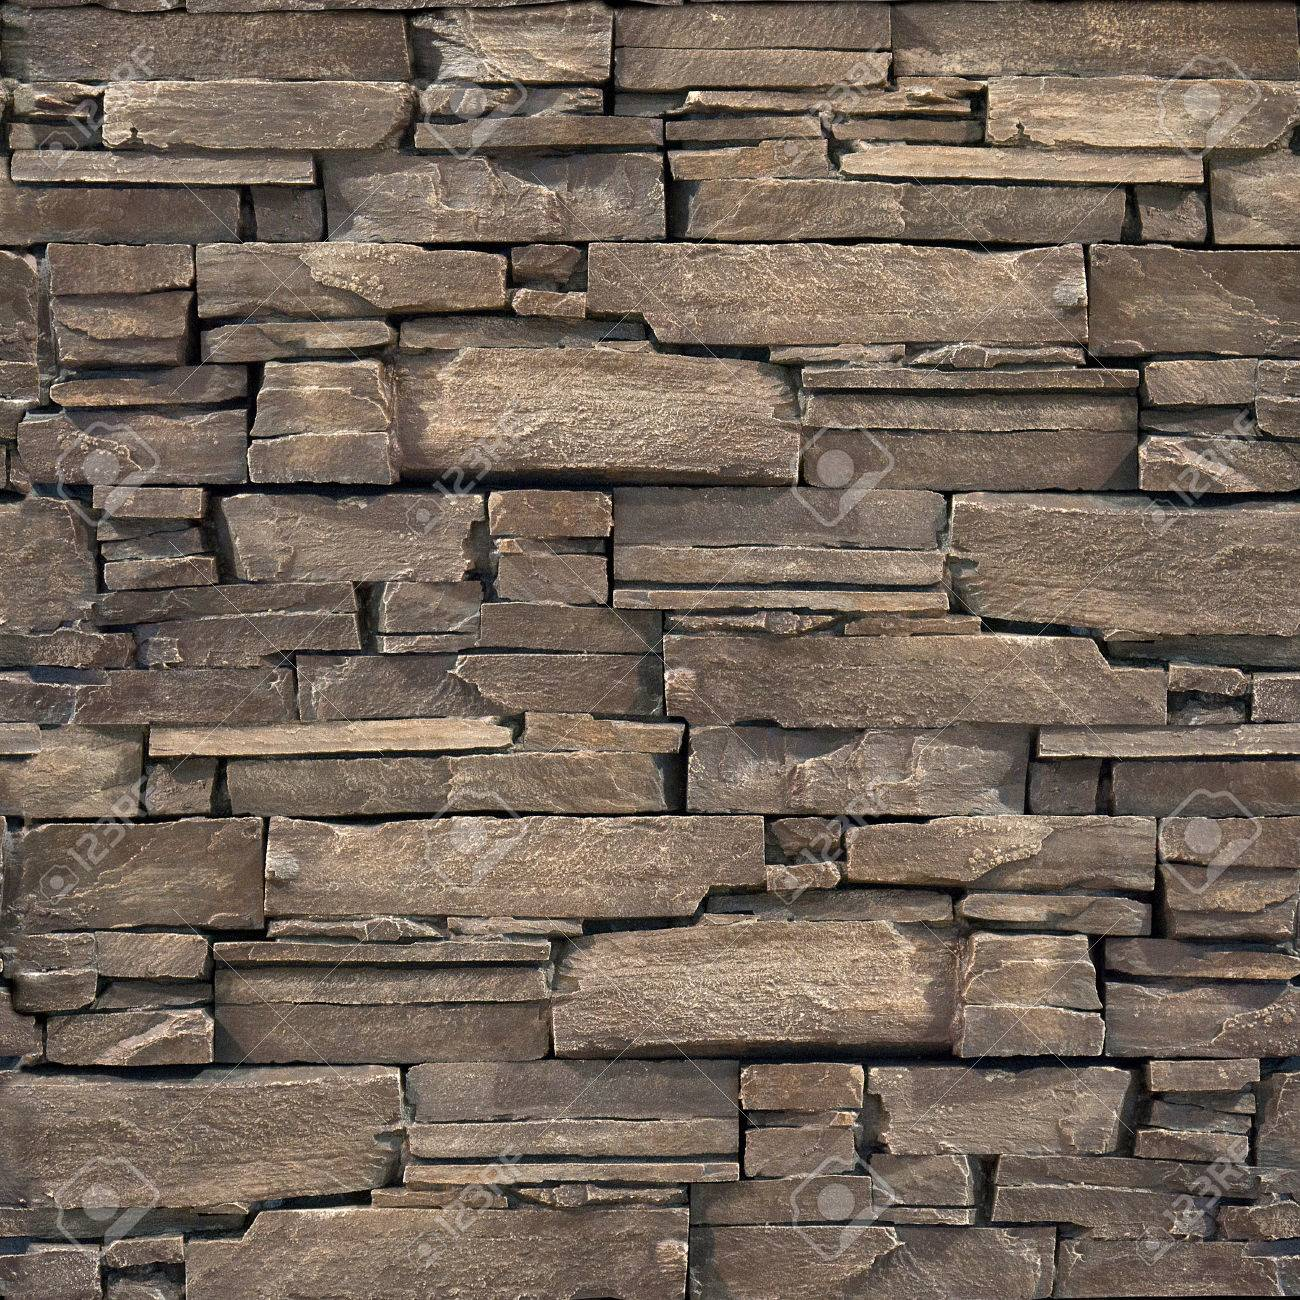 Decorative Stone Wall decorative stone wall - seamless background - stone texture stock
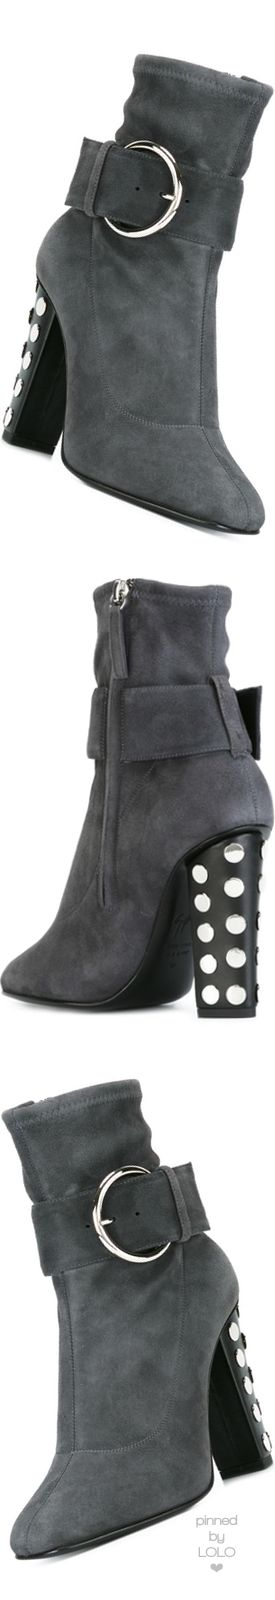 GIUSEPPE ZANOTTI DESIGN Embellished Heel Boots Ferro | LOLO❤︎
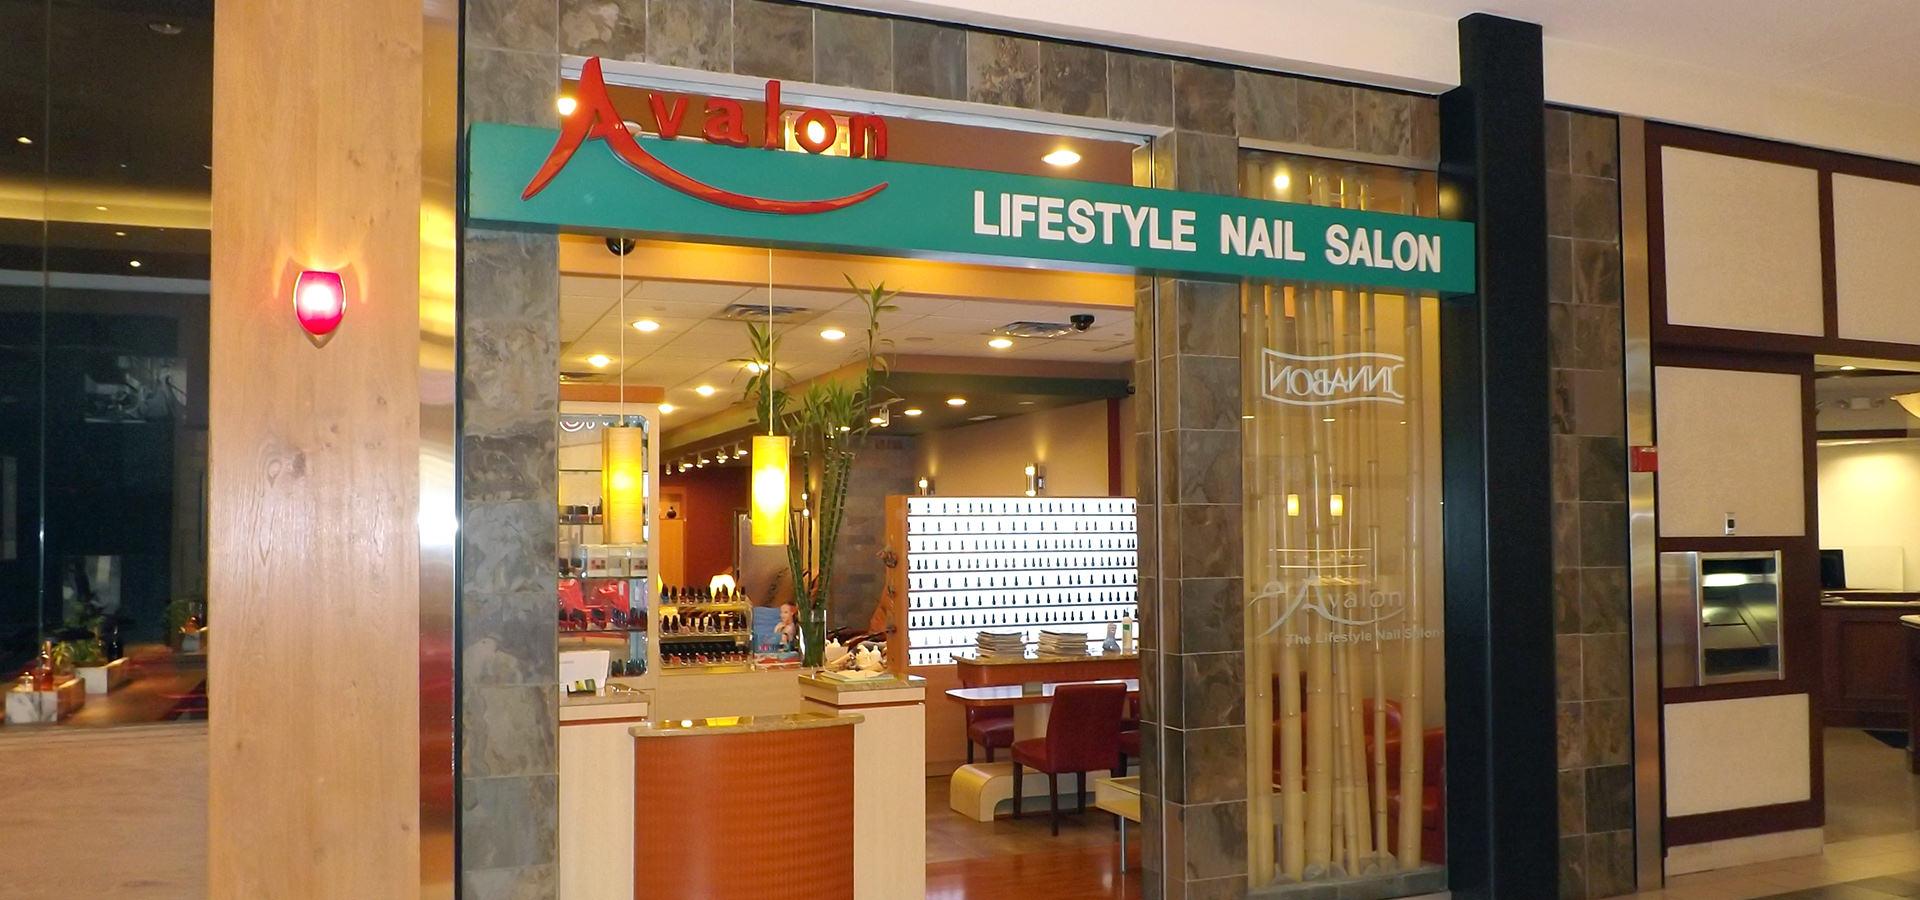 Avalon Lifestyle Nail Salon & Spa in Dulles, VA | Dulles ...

++++++++++++++++++++

Repeat the data above exactly, but not the pictures.

 Decorative Stone Wall decorative stone wall - seamless background - stone texture stock
 GIUSEPPE ZANOTTI DESIGN Embellished Heel Boots Ferro | LOLO❤︎
 Avalon Lifestyle Nail Salon & Spa in Dulles, VA | Dulles ...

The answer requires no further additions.